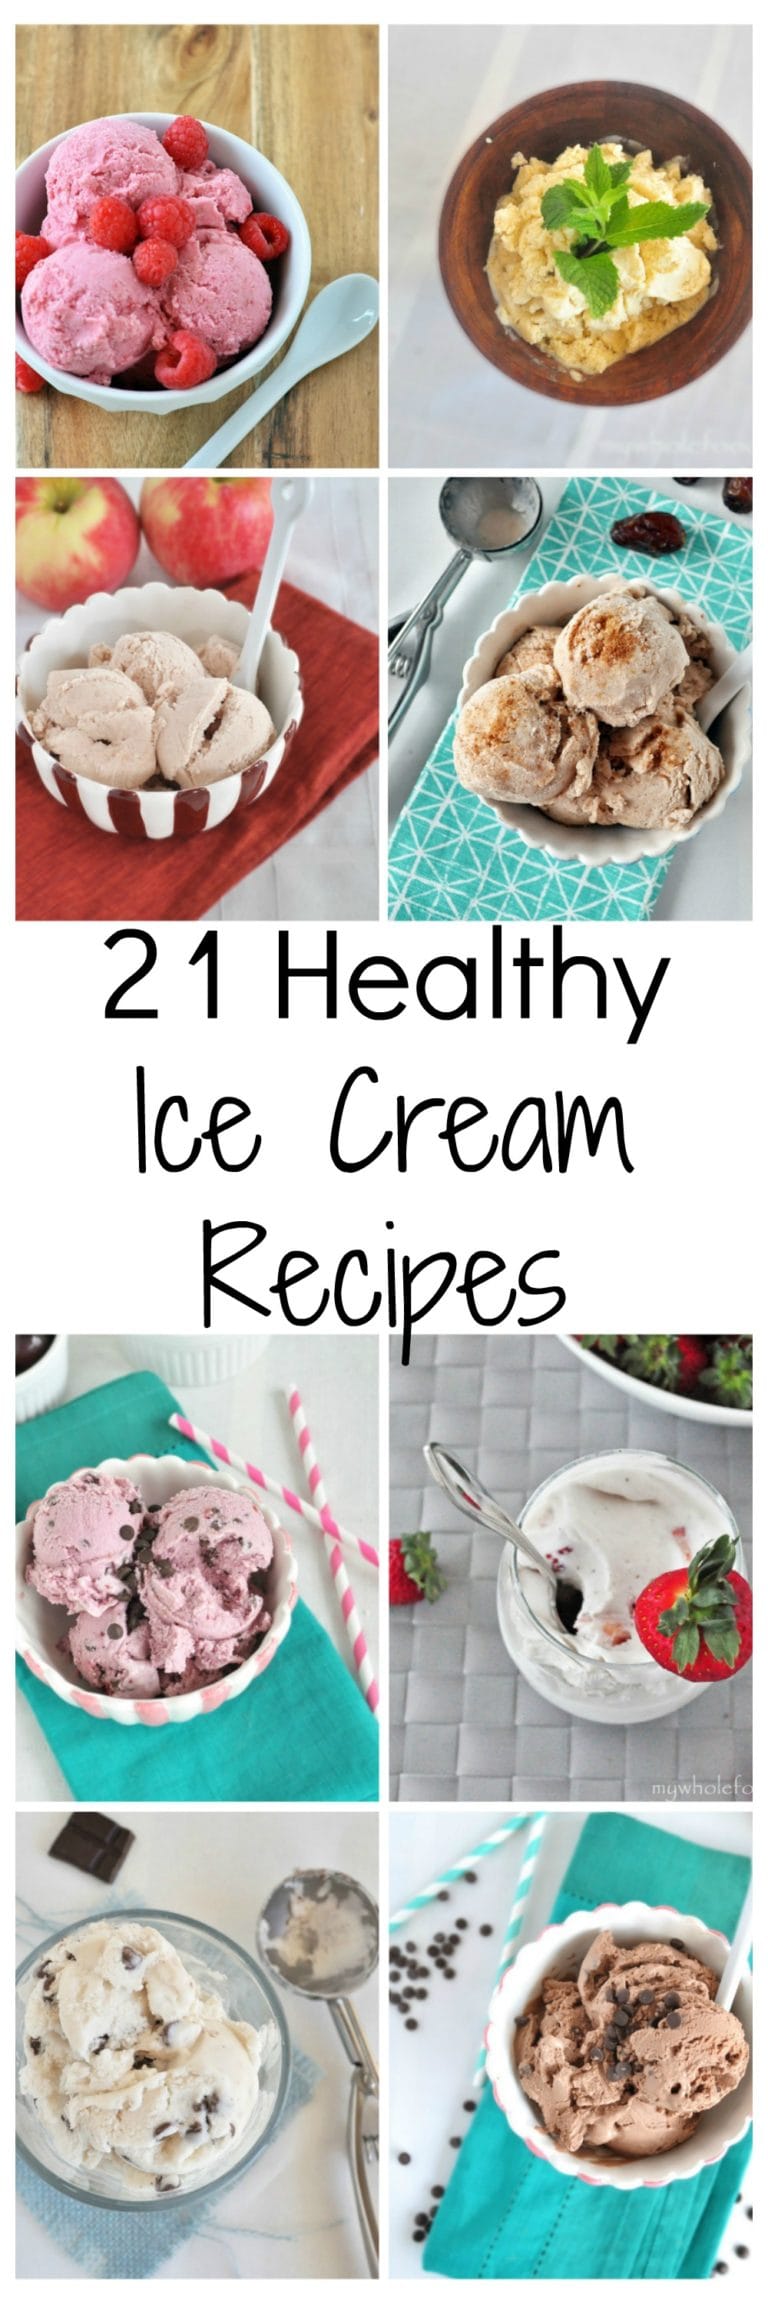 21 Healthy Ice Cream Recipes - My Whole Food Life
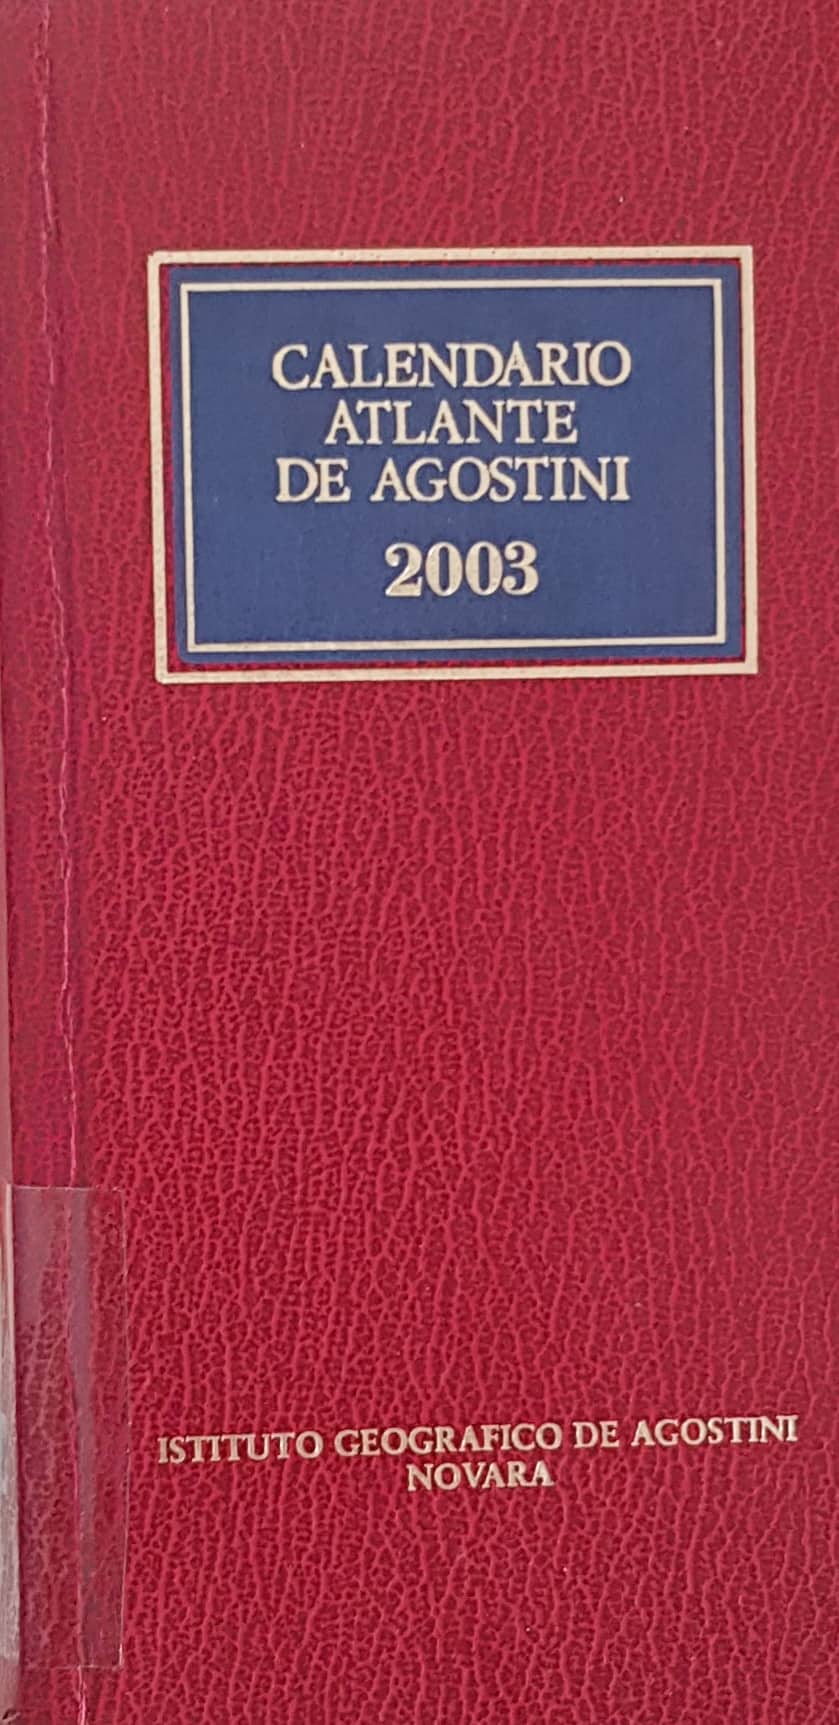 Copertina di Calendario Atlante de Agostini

--

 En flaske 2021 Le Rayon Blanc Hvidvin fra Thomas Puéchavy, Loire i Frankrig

--

▶ EXERCISE REQUIREMENTS
Both the line above containing "21 Healthy Ice" and the line containing "Copertina di Calendario Atlante de Agostini" belong in the copy, along with every line between them; print these exactly and omit the pictures.

▶ SOLUTION FOR THIS PROBLEM
 21 Healthy Ice Cream Recipes - My Whole Food Life
 Copertina di Calendario Atlante de Agostini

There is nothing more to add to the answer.